If the predominant attachment is to the tribe or ethnicity, the person’s identity is defined chiefly by tribe and ethnicity to the exclusion of the other associations and affiliations. Tribe becomes the person’s primordial identity, and ethnicity the impelling cause behind all their deeds. In this case, the other associations and affiliations are rendered irrelevant and immaterial. 

Take the case of a certain individual, let’s call him Mr Temedun. Although he claims to be a Christian, born-again and spirit-filled, his predominant affinity is to his tribe and ethnicity. Consequently, ethnicity and tribe take pre-eminence whenever Temedun is deciding which political party or candidate to support in an election. He always sides with political candidates from his tribe and ethnic stock. 

Even when the candidate from his tribe is a disreputable individual with a checkered history, he’ll support him regardless. It doesn’t matter that the candidate has a long rap sheet that includes drug trafficking, nepotism, profiteering, racketeering, corruption, political thuggery, violence, assassination of political opponents, rigging of elections, and godfatherism. Tribe trumps everything else.

So intricately woven into his identity is tribe, that this becomes detrimental to his supposed born-again Christian identity. This is the reason Temedun finds the wielding of ethnicity/tribe as a political weapon to bludgeon political opponents justifiable and acceptable. 

It’s why he sees nothing wrong in using tribal and ethnic epithets. Peddling conspiracy theories to tarnish and smear political opponents is, to him, fair game. He cheerfully applauds those who incite violence and cause harm to political opponents.

Because his identity is totally defined by ethnic origin, the heat of political campaigns tends to bring out the worst of Temedun’s character flaws. It’s at those moments that the dormant volcano erupts letting out the lava of hate and releasing fumes of prejudice. His utterances become spiteful bellicosity and his social media posts are vituperations of ethnic bigotry.

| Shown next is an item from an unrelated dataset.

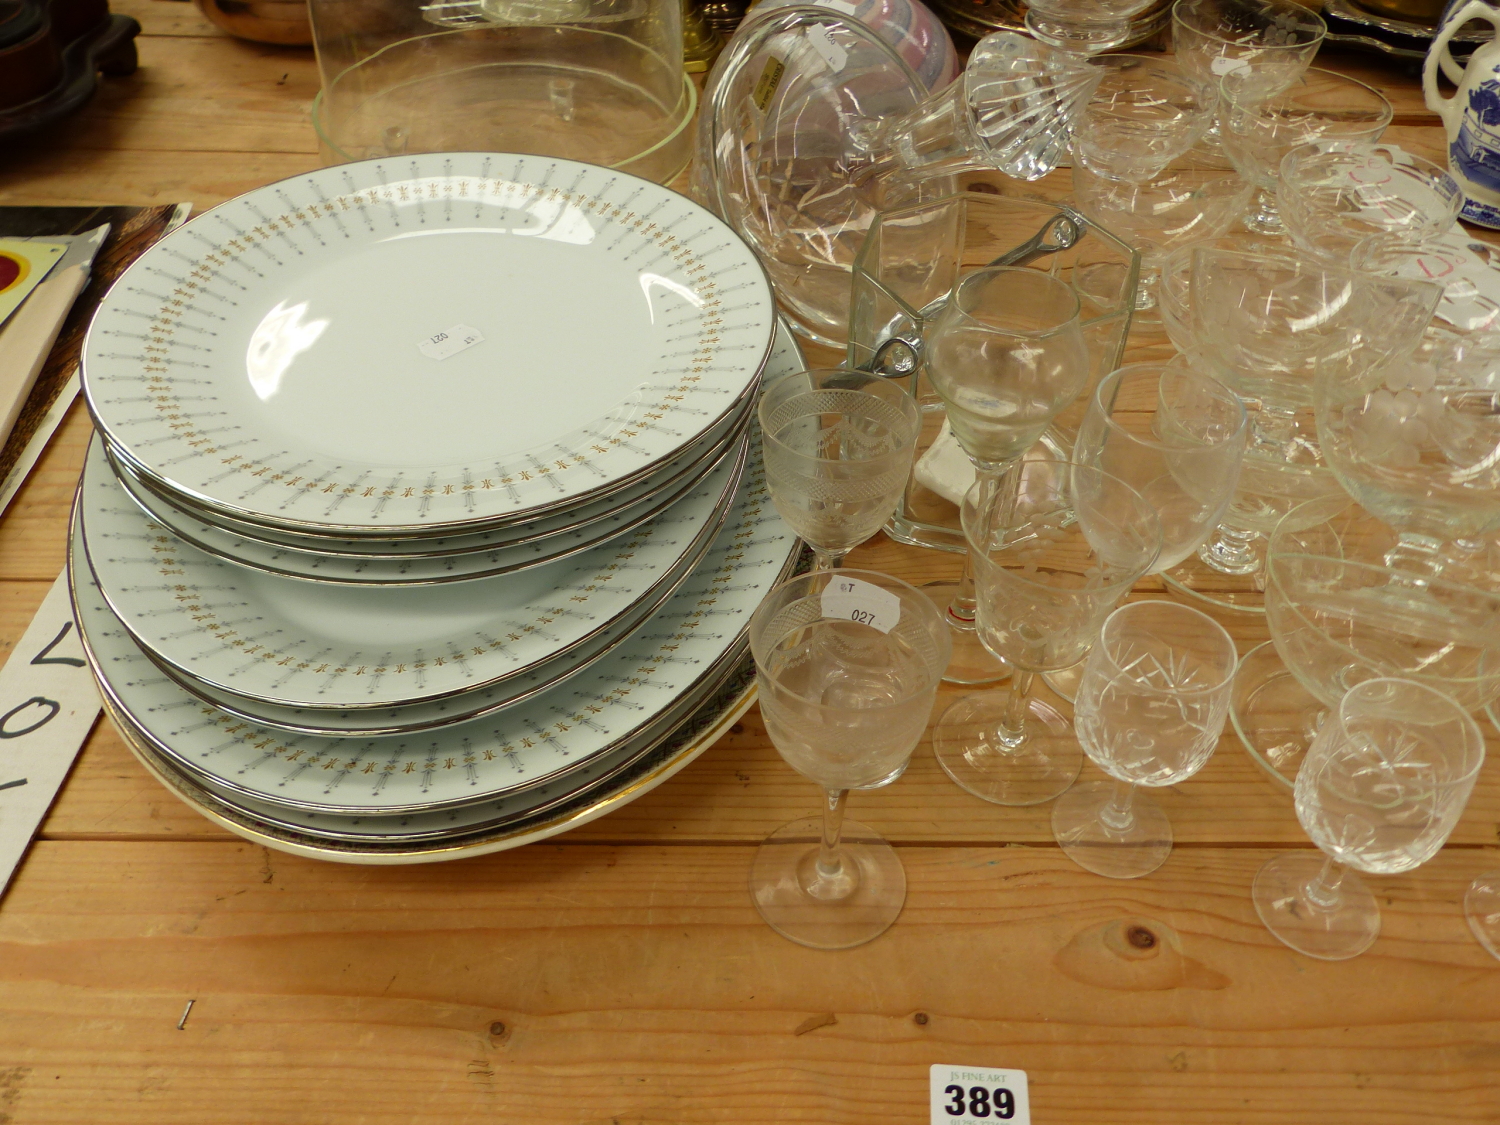 NORITAKE TIFFANY PATTERN PLATES AND PLATTERS, A GLASS DECANTER, A CHEESE COVER AND STAND,

Mr Temedun resolves these apparent conflicts between his ethnic/tribal and Christian identities by bending the principles and precepts of Christianity to make them fit within his ethnic/tribal identity box. For those Christian principles and precepts that are not pliable or malleable, Temedun simply throws them into the trash bin of political expediency.

All of this, of course, comes as a shock to those who have always known Mr Temedun as a rock-ribbed born-again Christian. Which makes some wonder whether Temedun is having an identity crisis i.e., an adult midlife crisis characterized by uncertainty about the self.

Unfortunately, Temedun’s problem is not an identity crisis at all. While he may pretend to be a Christian above everything else, Temedun’s real identity is principally tribal, and his true self is his ethnicity. The blood of earthly parentage, and not the Blood of Christ, is Temedun’s predominant identity.